Commercial poultry farms are increasingly threatened by bacterial infections from avian pathogenic Escherichia coli (APEC) and broad-host Salmonella serovars. Recombinant attenuated Salmonella vaccines (RASV) elicit cross-reactive immune responses against APEC in chickens; however, assessment of broad protection is lacking. Probiotics boost chicken immunity and improve vaccination responses. The objective of this study was to determine whether the RASV, the probiotics, or their combination had protection against APEC and Salmonella. White Leghorn chicks were randomly placed into 4 groups: no treatment (CON), probiotics (PRO), RASV (VAX), or both prophylactics (P + V). Chicks in the PRO and P + V groups were fed probiotics daily, beginning at the age of 1-day-old. Chicks in the P + V and VAX groups were orally inoculated with RASV at the age of 4 D and boosted 2 wks later. Total and antigen-specific IgY responses to Salmonella (lipolysaccharide [LPS]) and E. coli (IroN and IutA) were measured in serum samples via ELISA. Bactericidal potential of both serum and blood against 42 APEC isolates comprising 25 serotypes was assessed in vitro. In vivo protection against APEC was evaluated by air sac challenge with APEC χ7122 (O78:K80), gross pathological lesions were scored, and bacterial loads were enumerated. In a second similar study, birds were orally challenged with S. Kentucky (CVM29188), and feces were enumerated for Salmonella at multiple time points. Vaccination elicited significant LPS-specific antibodies regardless of probiotics (P < 0.0001).

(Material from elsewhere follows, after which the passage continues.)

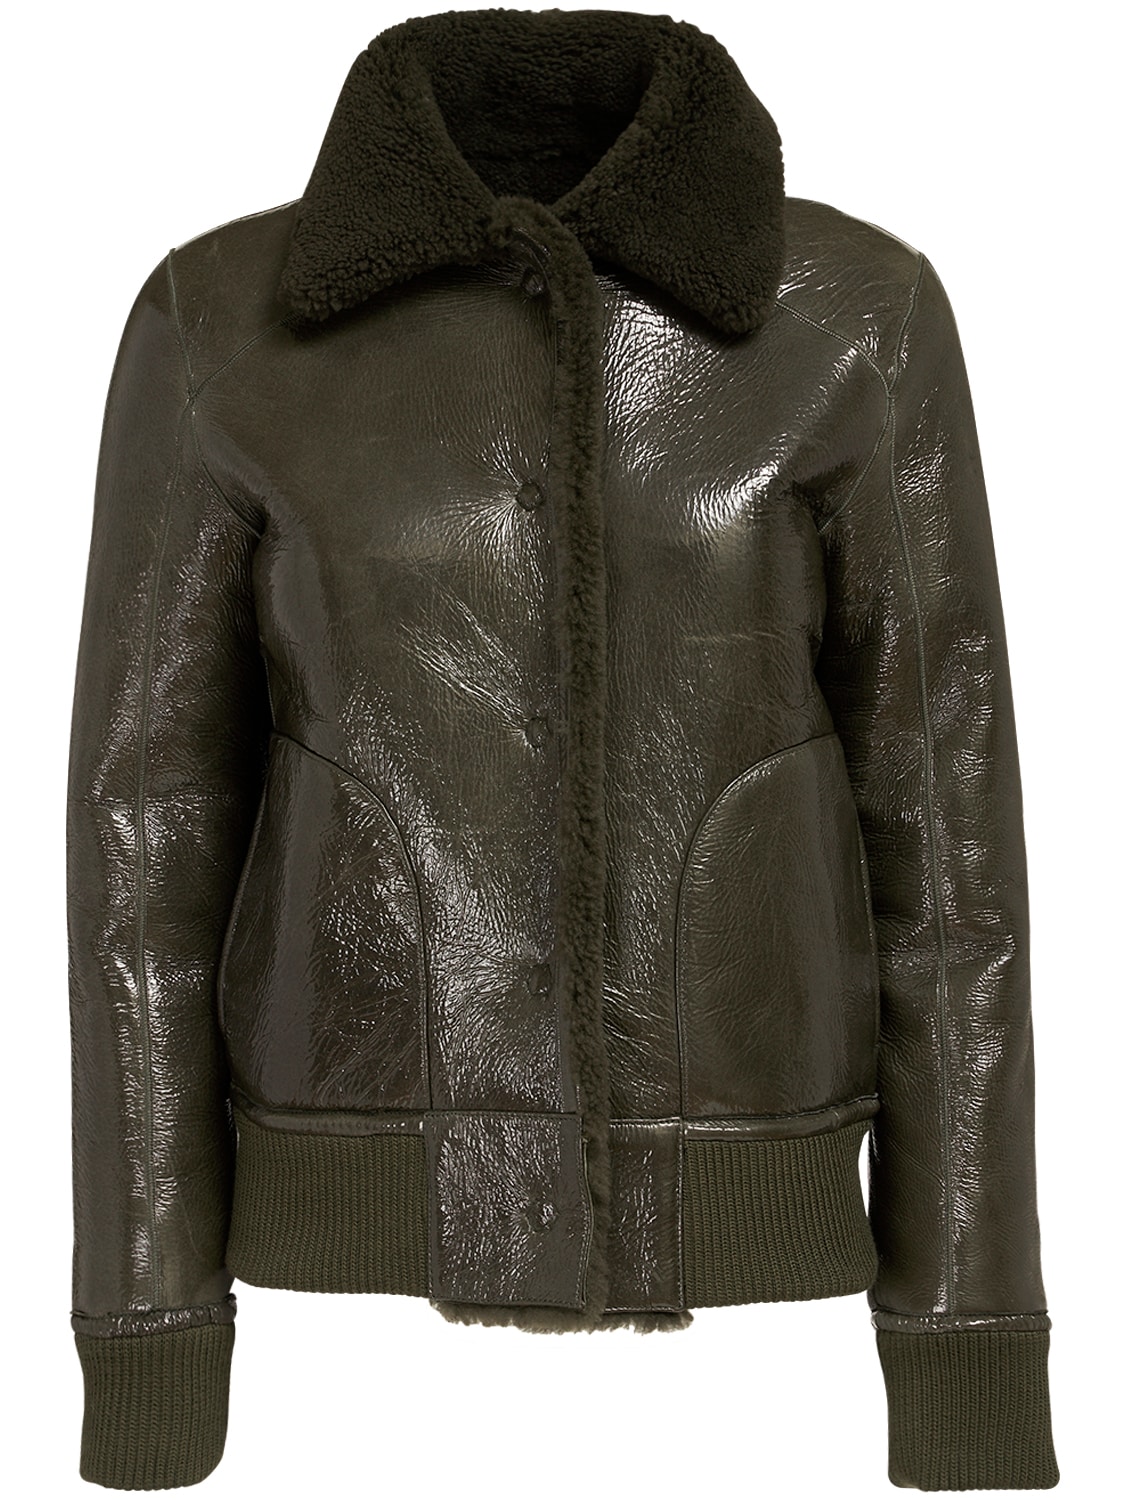 Remain Perla Shearling & Leather Crop Jacket In Green | ModeSens

Chicks in the P + V group demonstrated increased blood and serum bactericidal abilities against multiple APEC strains in vitro compared with the CON group. Following χ7122 challenge, P+V birds had less APEC in their blood (P < 0.001) and lower signs of airsacculitis (P < 0.01) and pericarditis/perihepatitis (P < 0.05) than CON birds. Finally, only P + V birds were negative for fecal Salmonella at all time points. This study shows this combination treatment may be a feasible method to reduce infection by APEC and Salmonella in chickens.